- Recorded data -
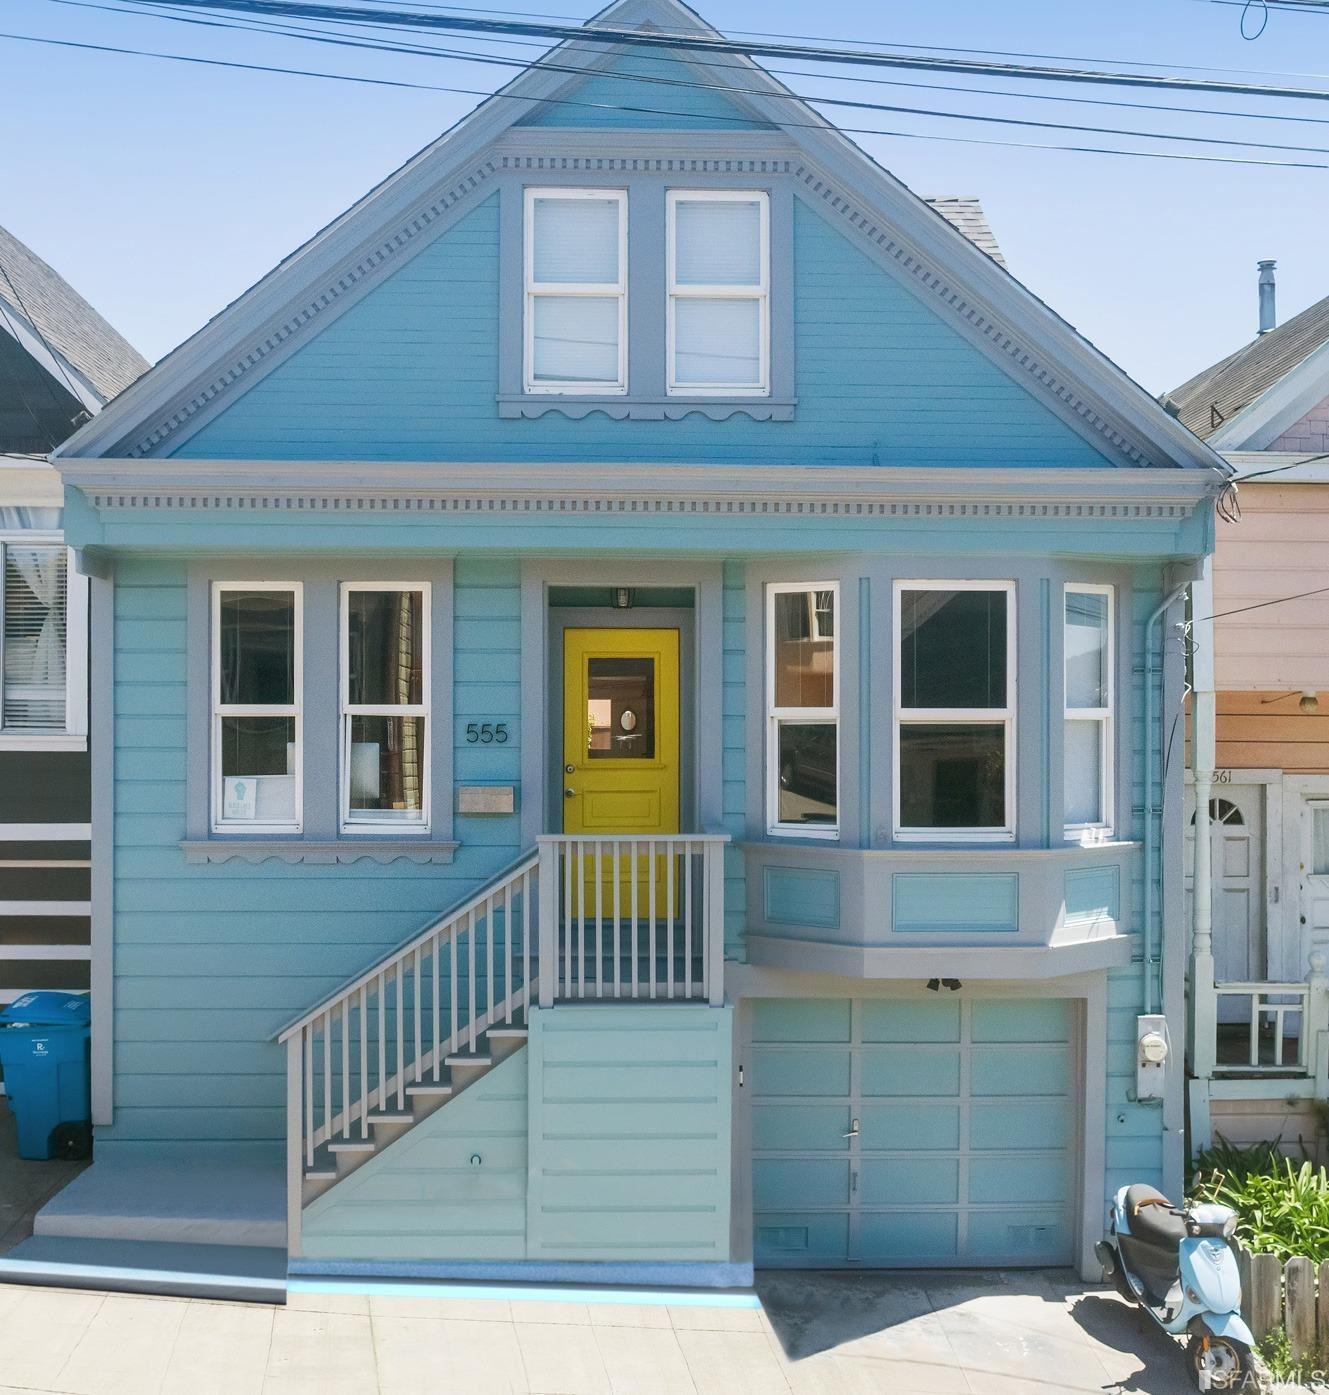 555 Moultrie Street, San Francisco, CA 94110 - #: 421543813
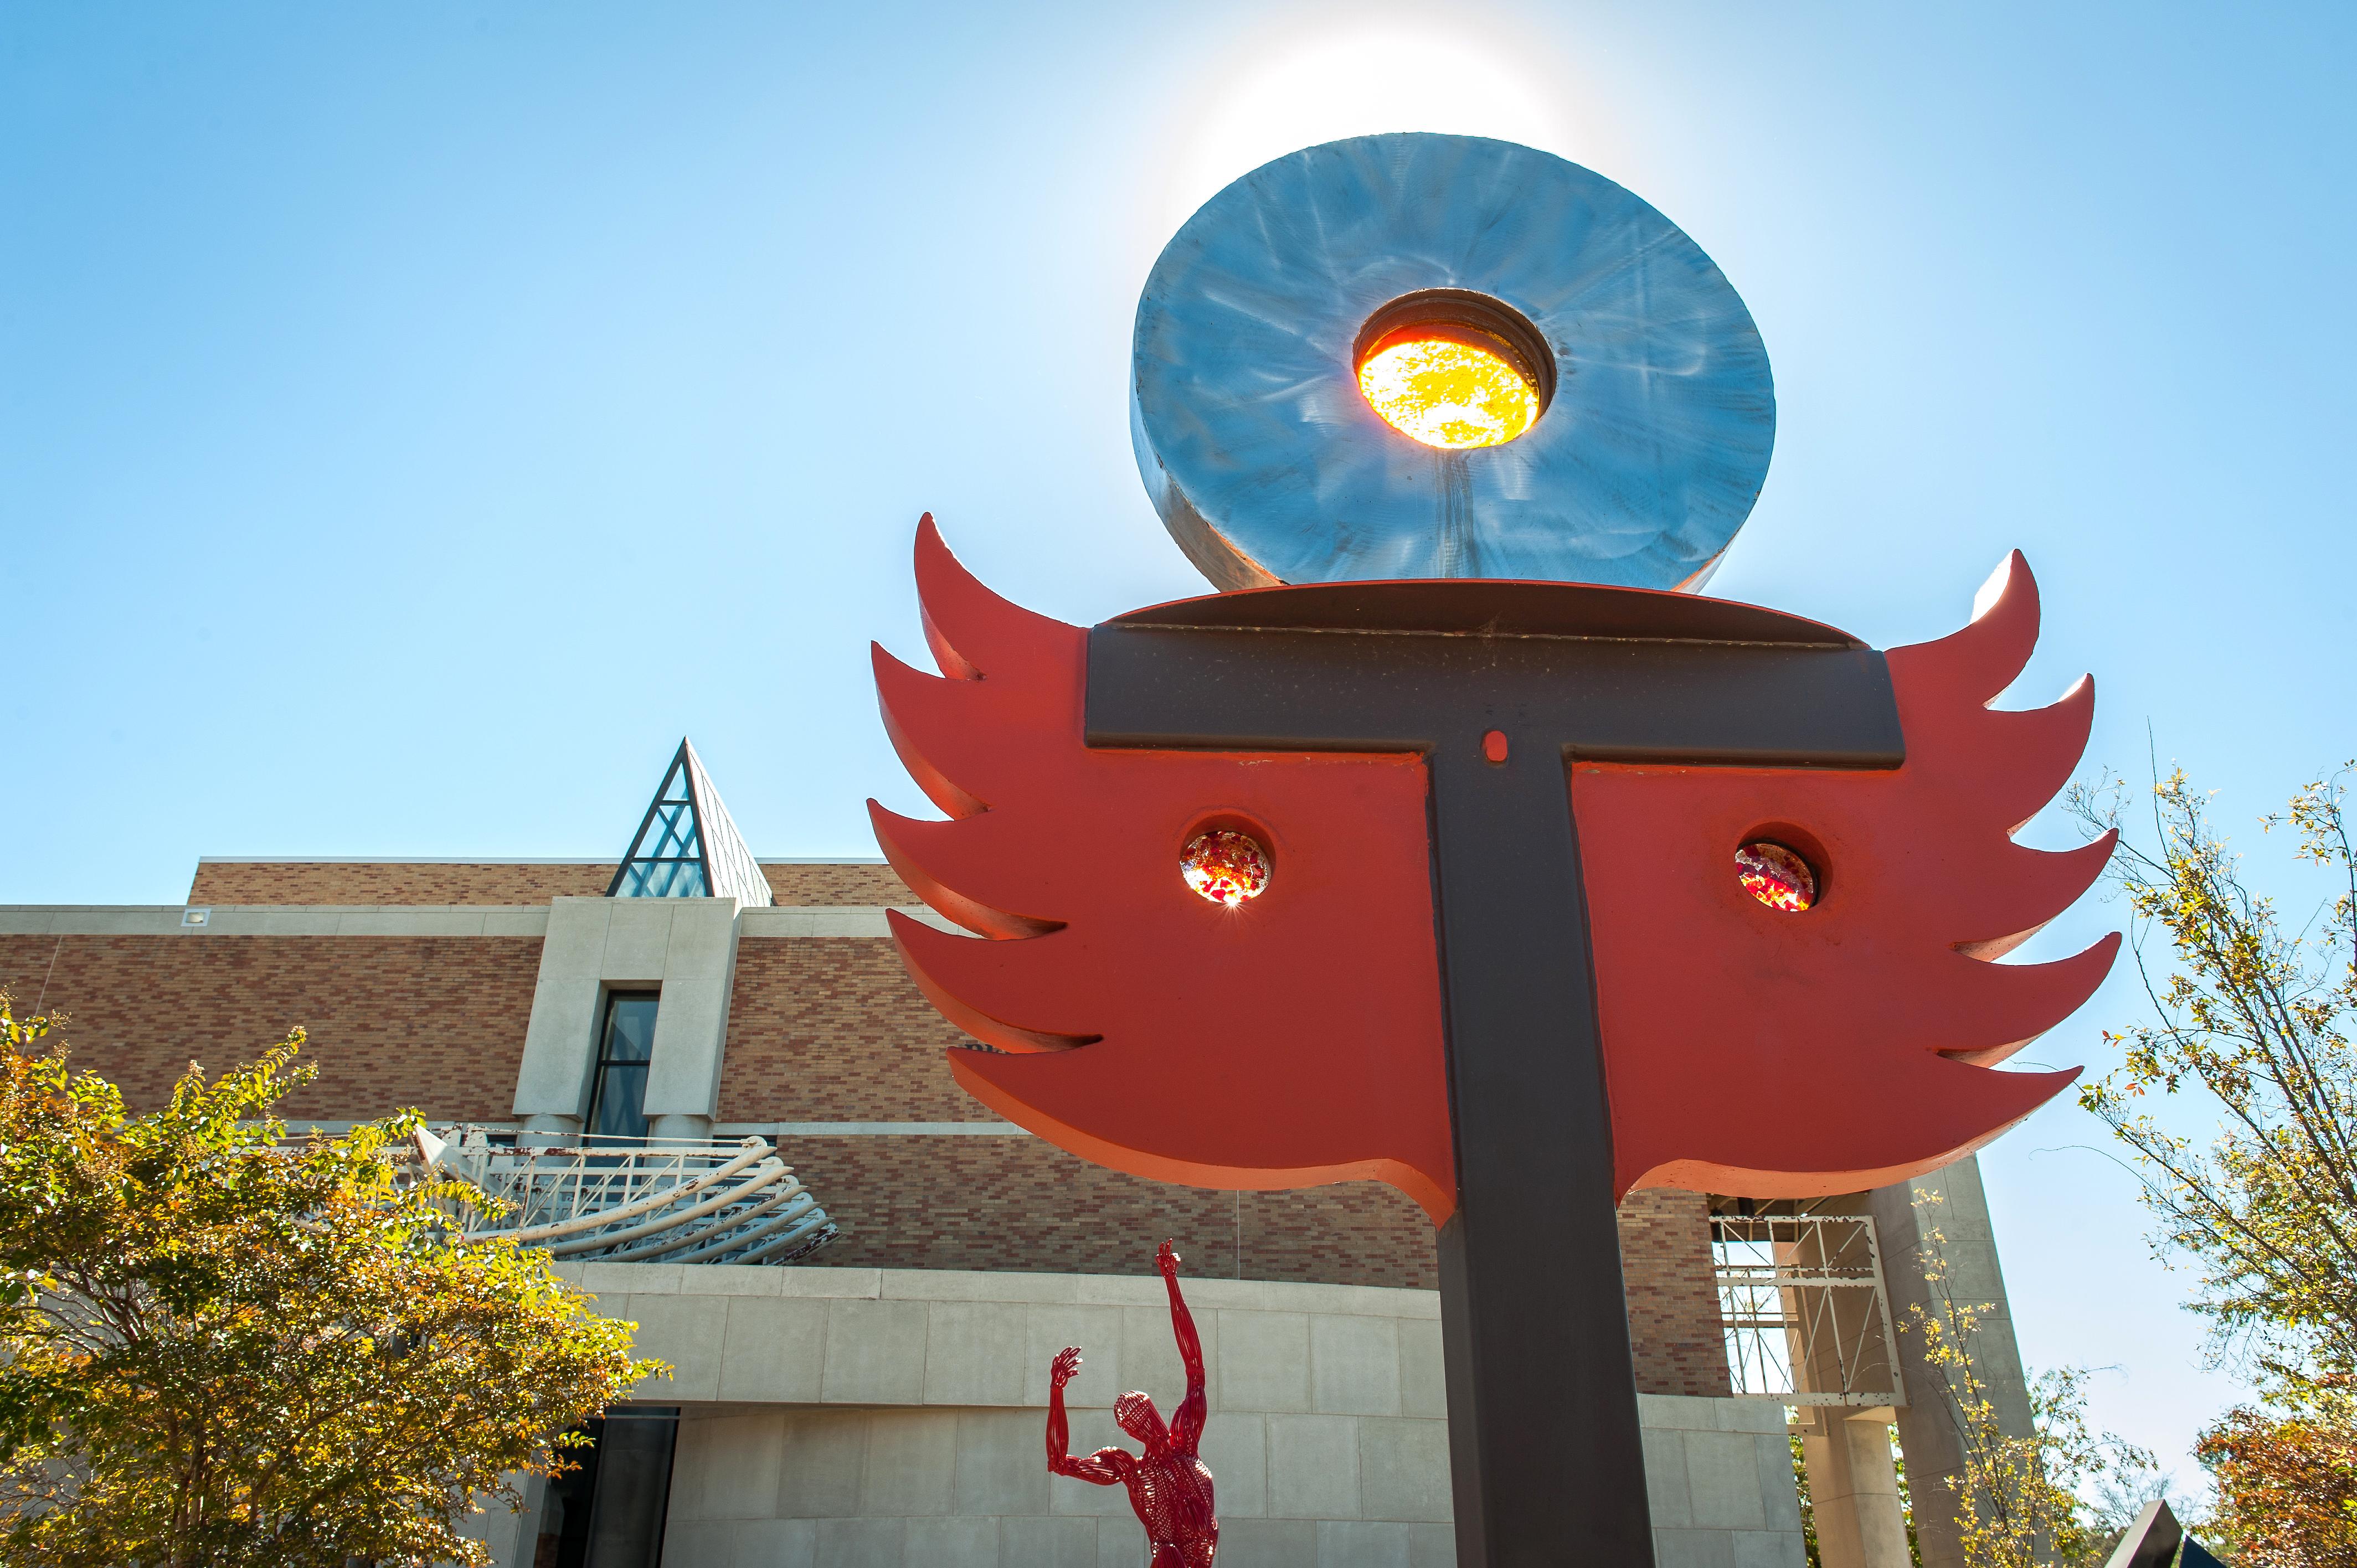 2015 BPAC sculpture garden additions-11
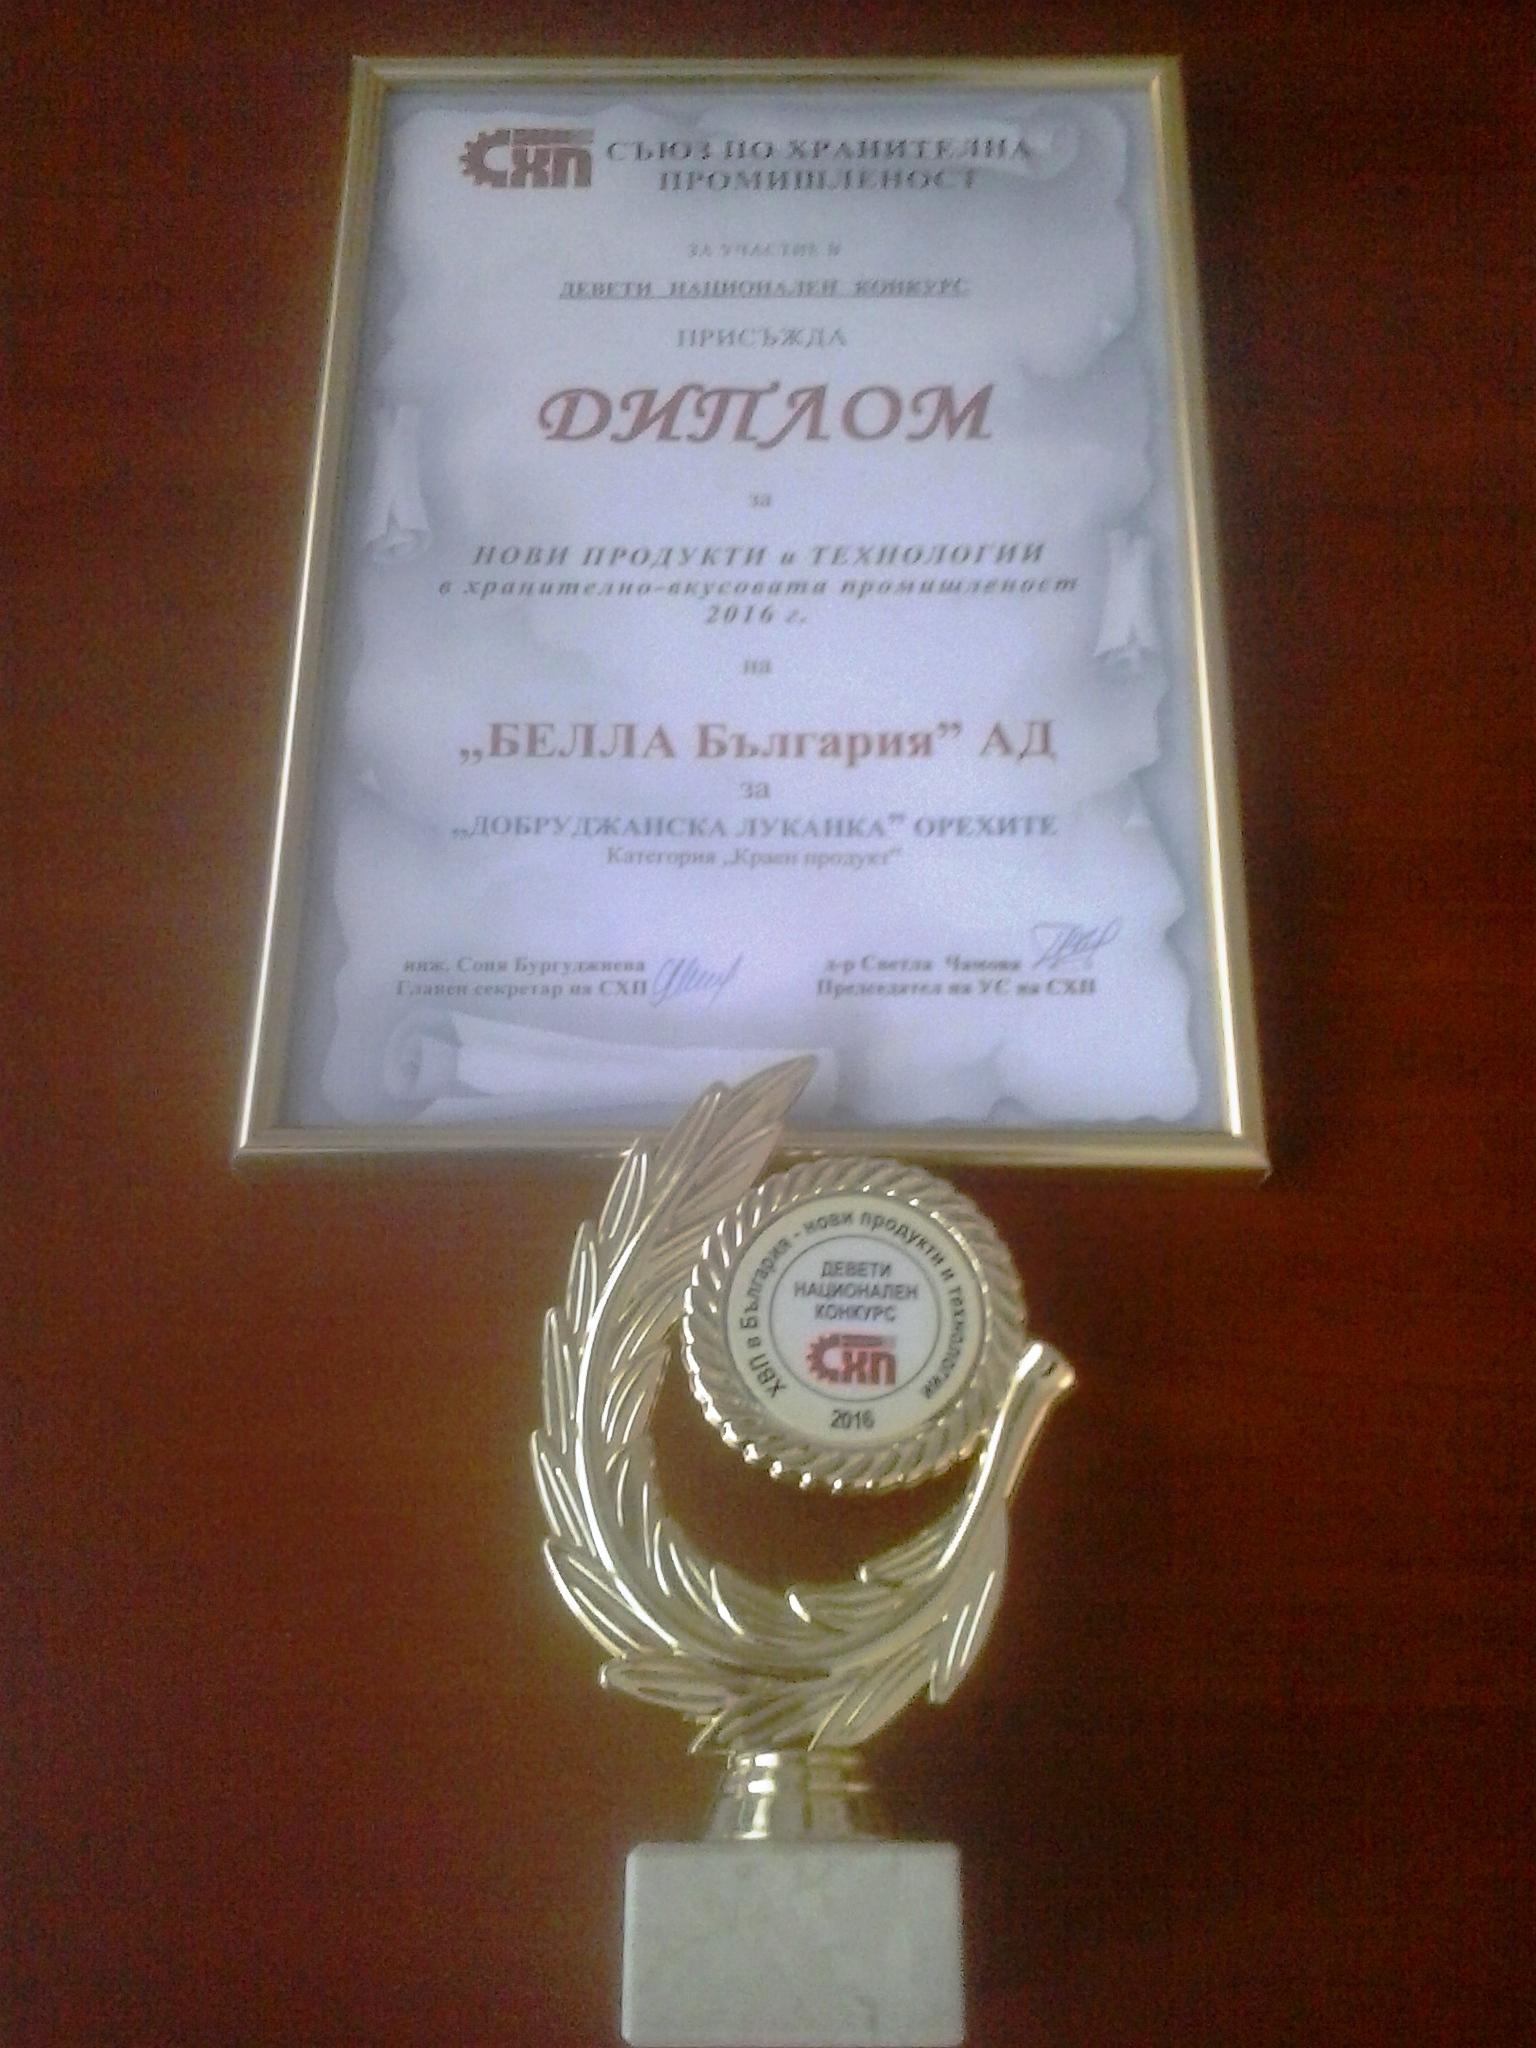 Orehite Dobrudjanska lukanka with honors from UFI, 2016.

- Problem to solve -
Output the complete listing exactly. Pictures stay out.

- Answer -
 555 Moultrie Street, San Francisco, CA 94110 - #: 421543813
 2015 BPAC sculpture garden additions-11
 Orehite Dobrudjanska lukanka with honors from UFI, 2016.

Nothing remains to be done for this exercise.